Our results correlate with those of Wagner et al., ³⁴ who observed increased TLR2 mRNA expression beginning 2 h after a retinal ischemia/reperfusion injury and persisting for up to 7 days, with TLR3 upregulation occurring at later time points. This suggests that TLR2 plays a role in mediating the early immune response to retinal damage. Their study also noted an early release of pro-inflammatory cytokines following retinal ischemia/reperfusion injury. Hangai et al. ³⁵ identified retinal ganglion cells (RGCs), endothelial cells, and neutrophils as sources of IL-1β, highlighting their potential involvement in ocular injuries. Mohan et al. ²⁴ observed RGC damage after bTBI in a mouse model. These findings align with our observations of early upregulation of COX genes and cytokines, which likely drive the inflammatory response, highlighting the complex and context-dependent roles of various TLRs in retinal injury and the subsequent inflammatory process.

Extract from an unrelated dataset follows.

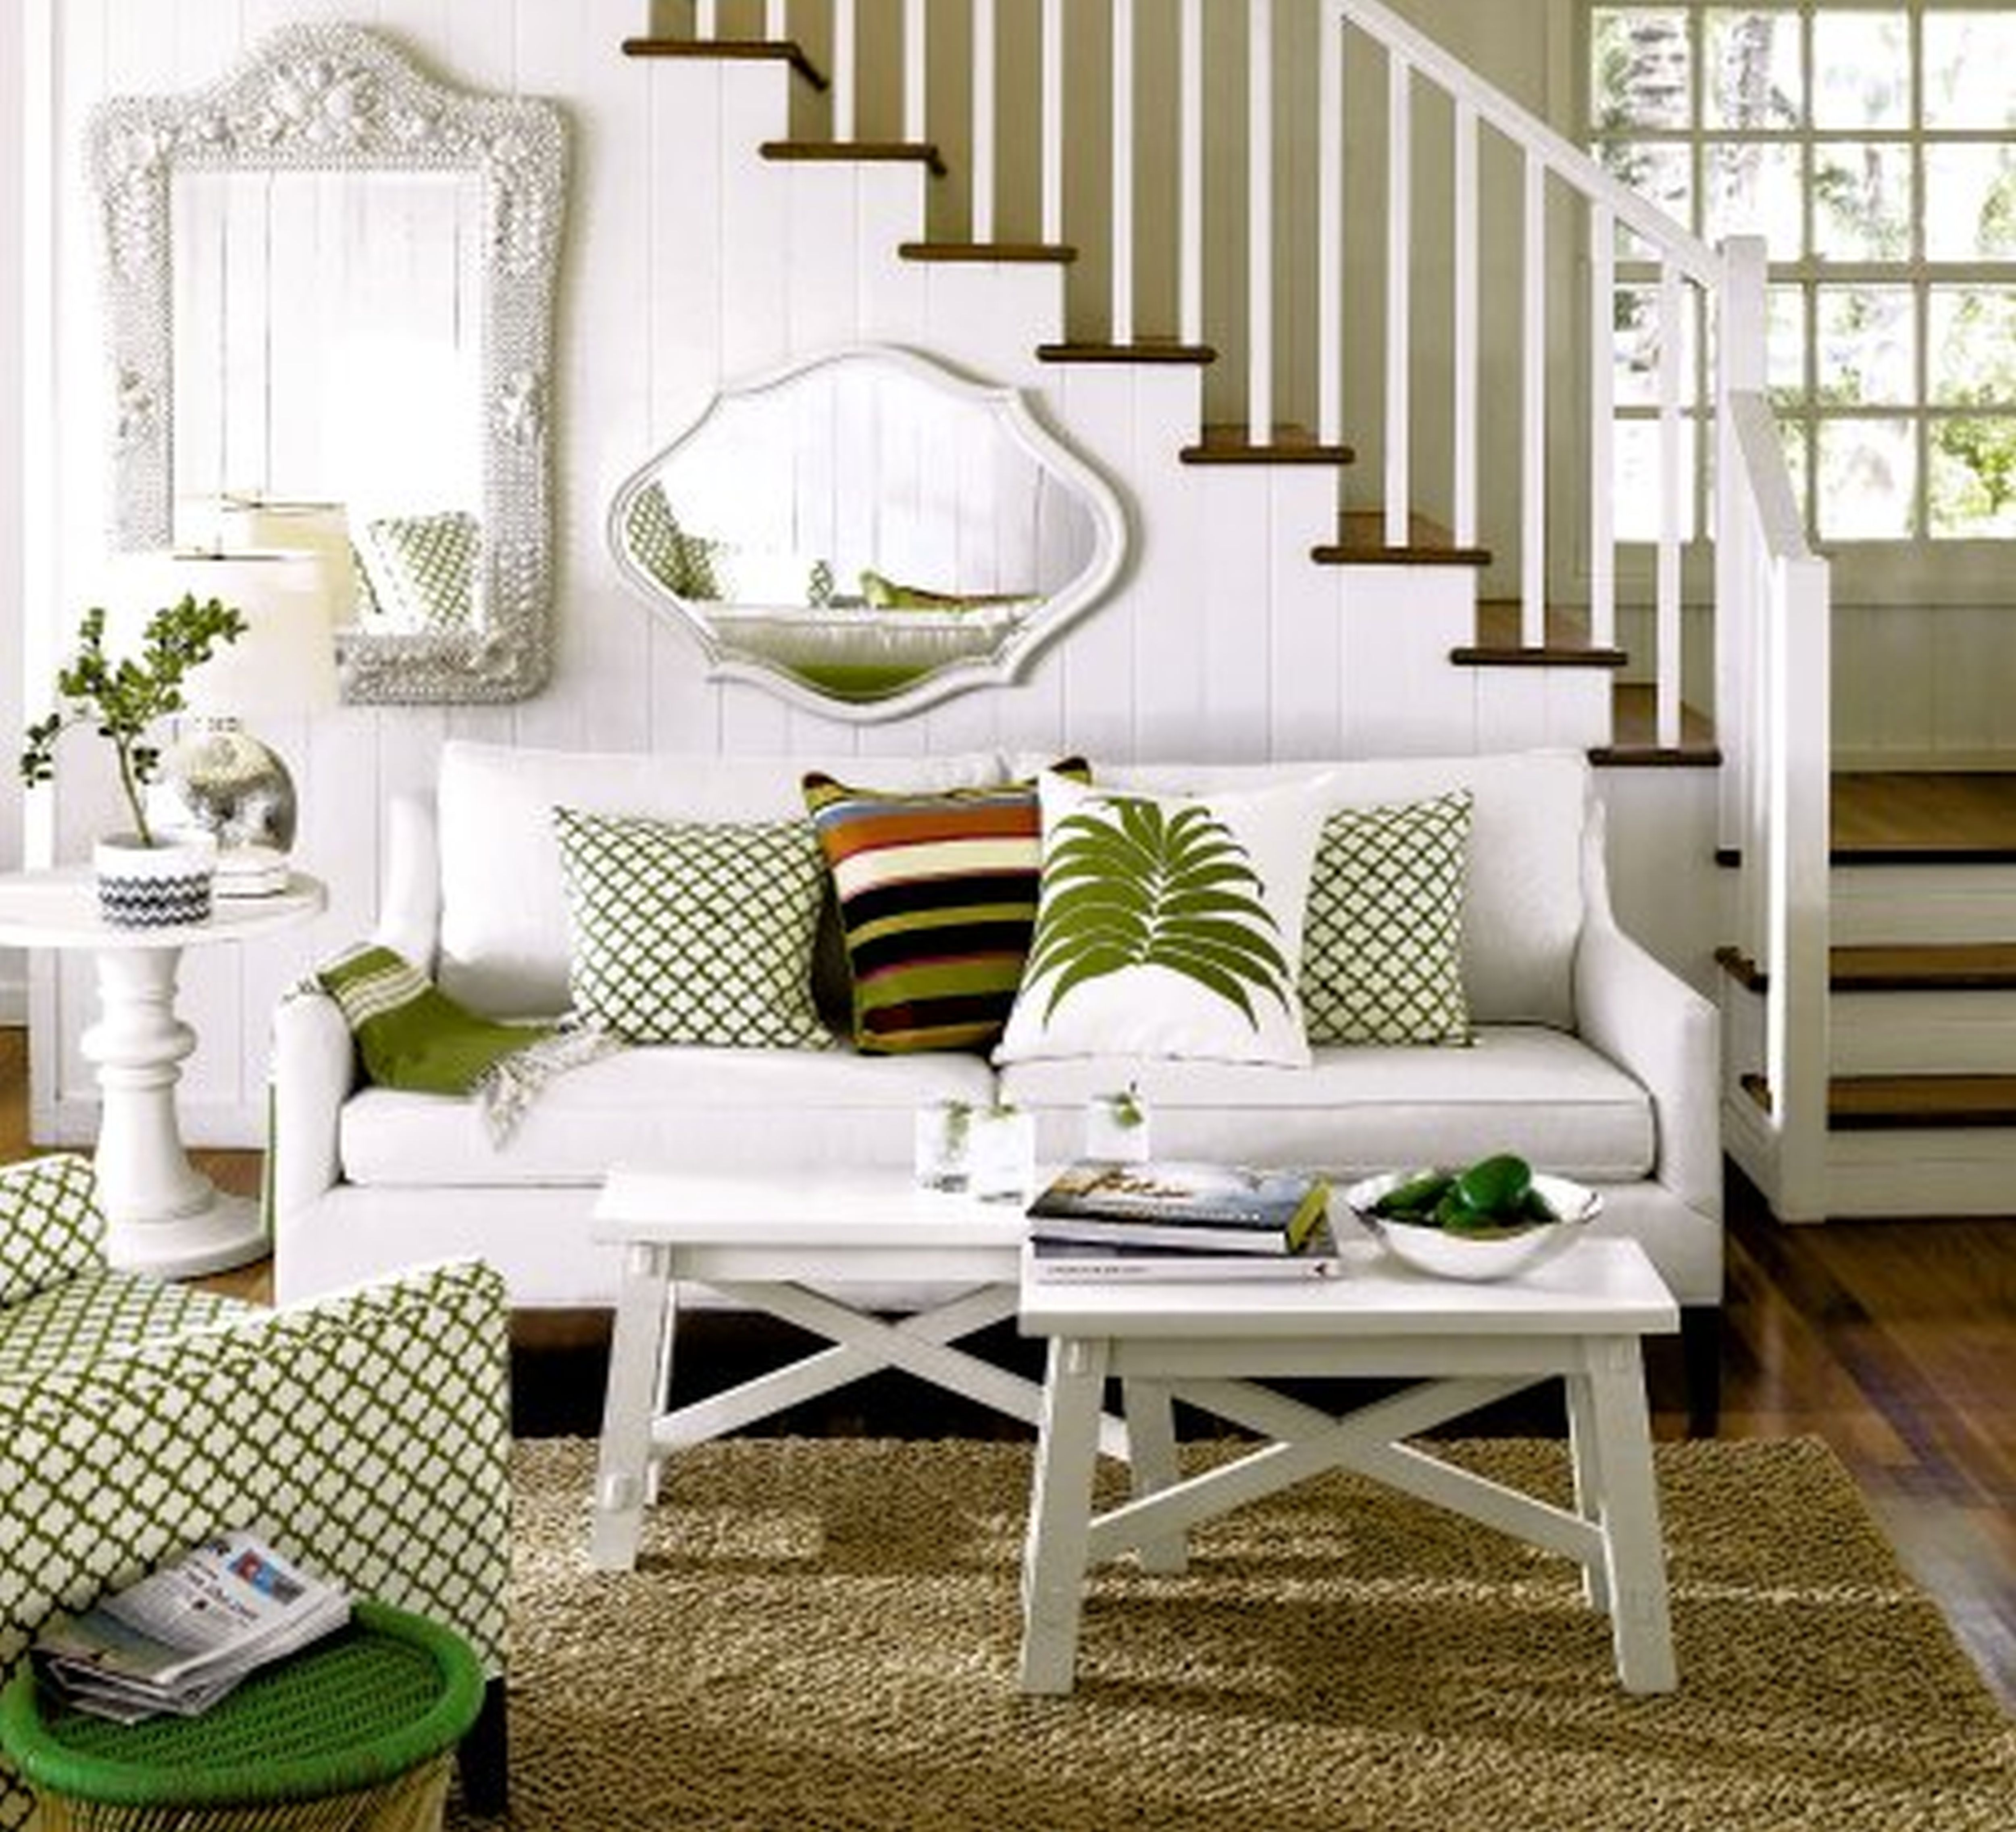 Design Ideas For Small Spaces Living Rooms Interior House Decor Inspiration Graphic Interior House Decor
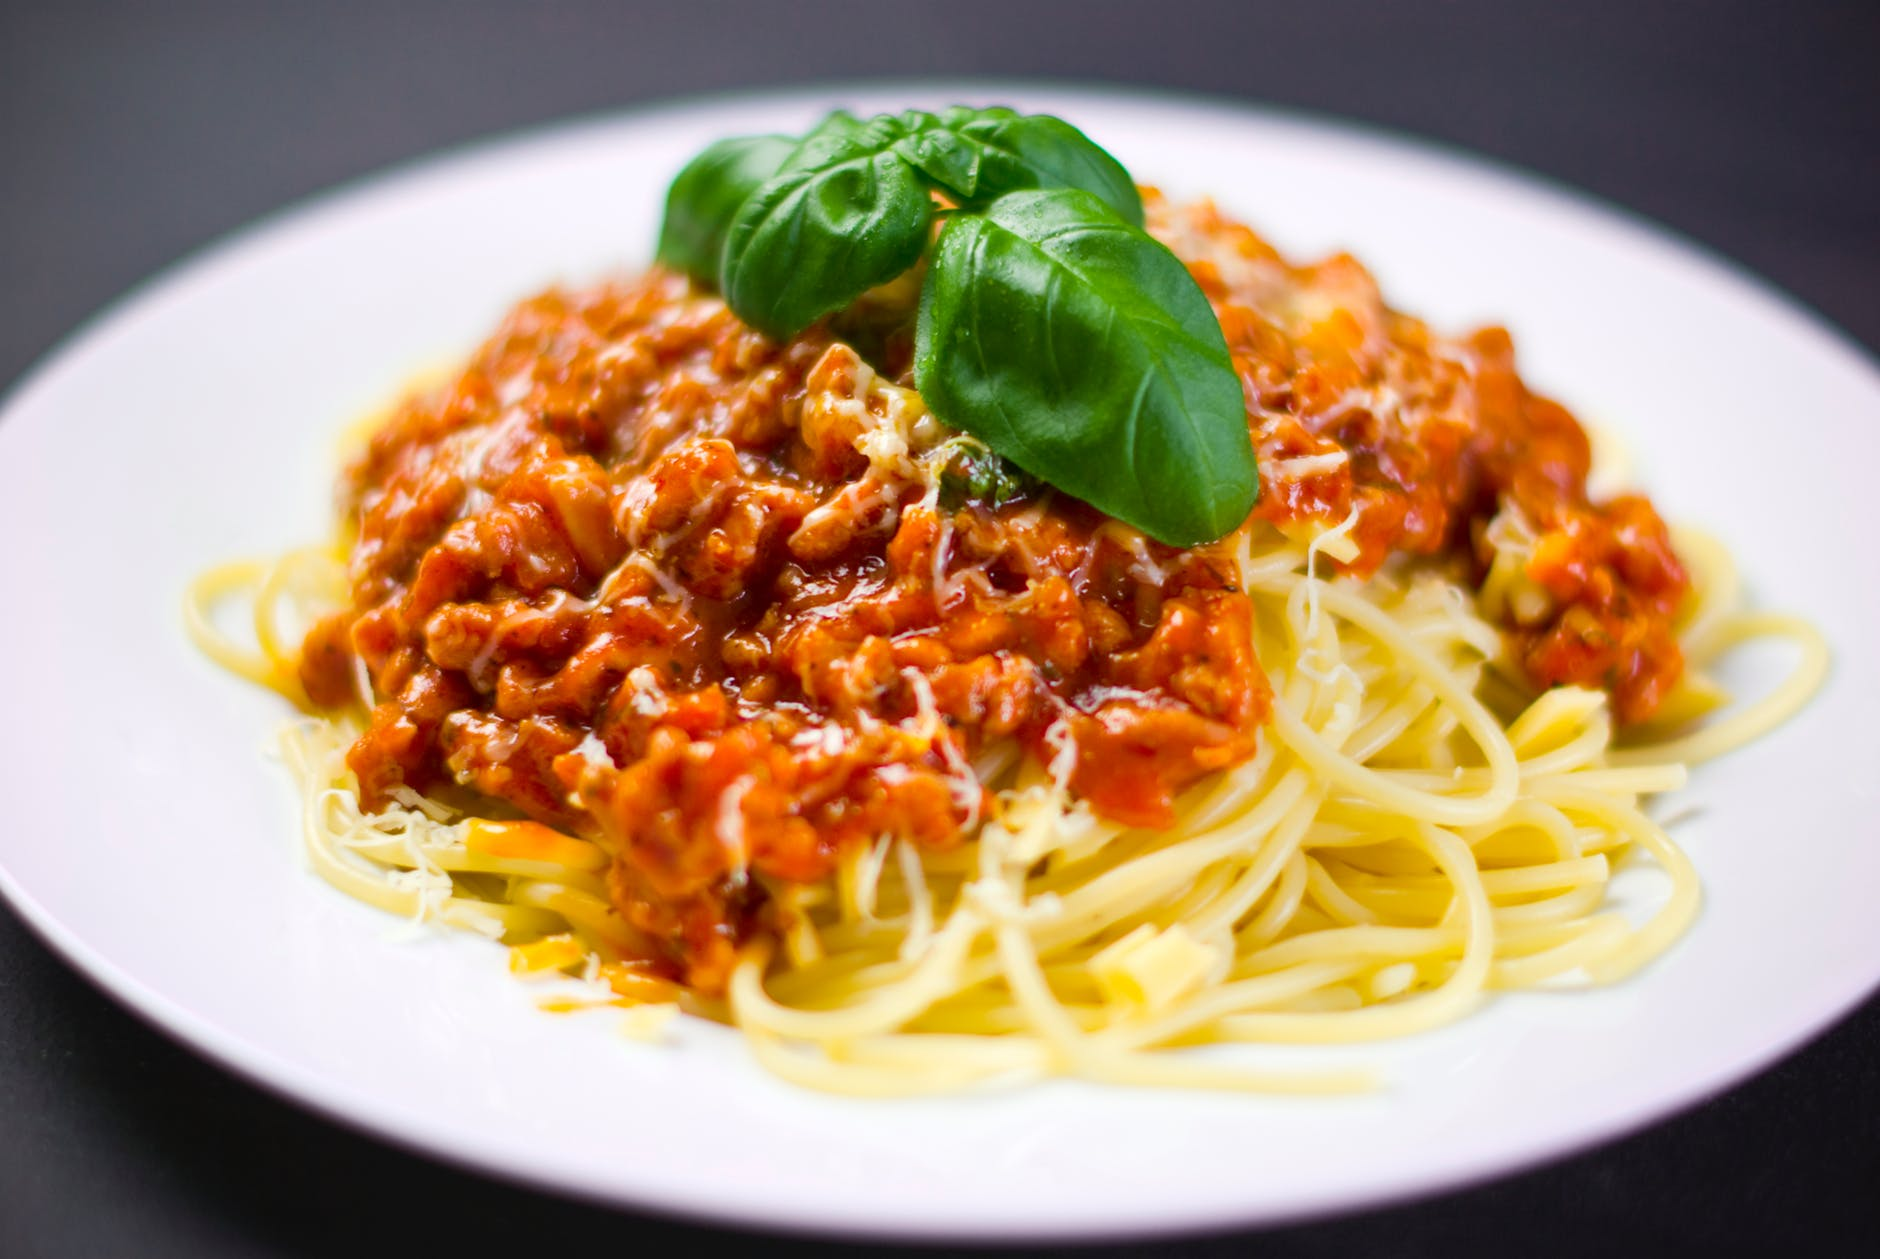 food-dinner-pasta-spaghetti-8500.jpg

Understanding these temporal expression patterns provides valuable insights into the molecular mechanisms of bTOI and highlights potential therapeutic benefits. The early upregulation of markers suggests that modulating multiple TLRs and COX enzyme activities could mitigate acute inflammation and ameliorate retinal damage after blast exposure. Therapeutic agents capable of inhibiting multiple TLRs may offer more effective protection than those targeting a single TLR, as through multiple sites of action, multi-TLR inhibitors can modulate multiple early pro-inflammatory signals and reduce downstream damage. Additionally, the significant role of COX2 in retinal inflammation indicates that COX2 inhibitors could serve as valuable adjuncts for reducing oxidative stress and promoting tissue repair. The efficacy of these interventions would depend on their timing and alignment with the observed temporal expression patterns, emphasizing the importance of precisely timed therapeutic strategies.

In conclusion, our results suggest that multiple TLRs, COXs, and ILs are upregulated in the retina post-blast and that the use of therapeutic agents that can inhibit multiple inflammatory pathways may be more broadly efficacious than using a single inhibitor to treat blast-induced ocular dysfunction. Our study highlights the dynamic and complex molecular responses in the retina following blast exposure, providing a foundation for developing targeted therapies to alleviate retinal damage and improve outcomes for individuals affected by bTOI. Understanding and modulating the intricate balance between pro- and anti-inflammatory signals are vital for improving these outcomes. While our study provides valuable insights, it has limitations. The use of only male ferrets limits generalizability, and the focus on gene expression provides a snapshot but not the complete picture of molecular changes. Further research is needed to elucidate detailed signaling pathways, long-term functional outcomes, and protein-level and histological changes. Investigating therapeutic interventions targeting these pathways in pre-clinical models is essential for translation.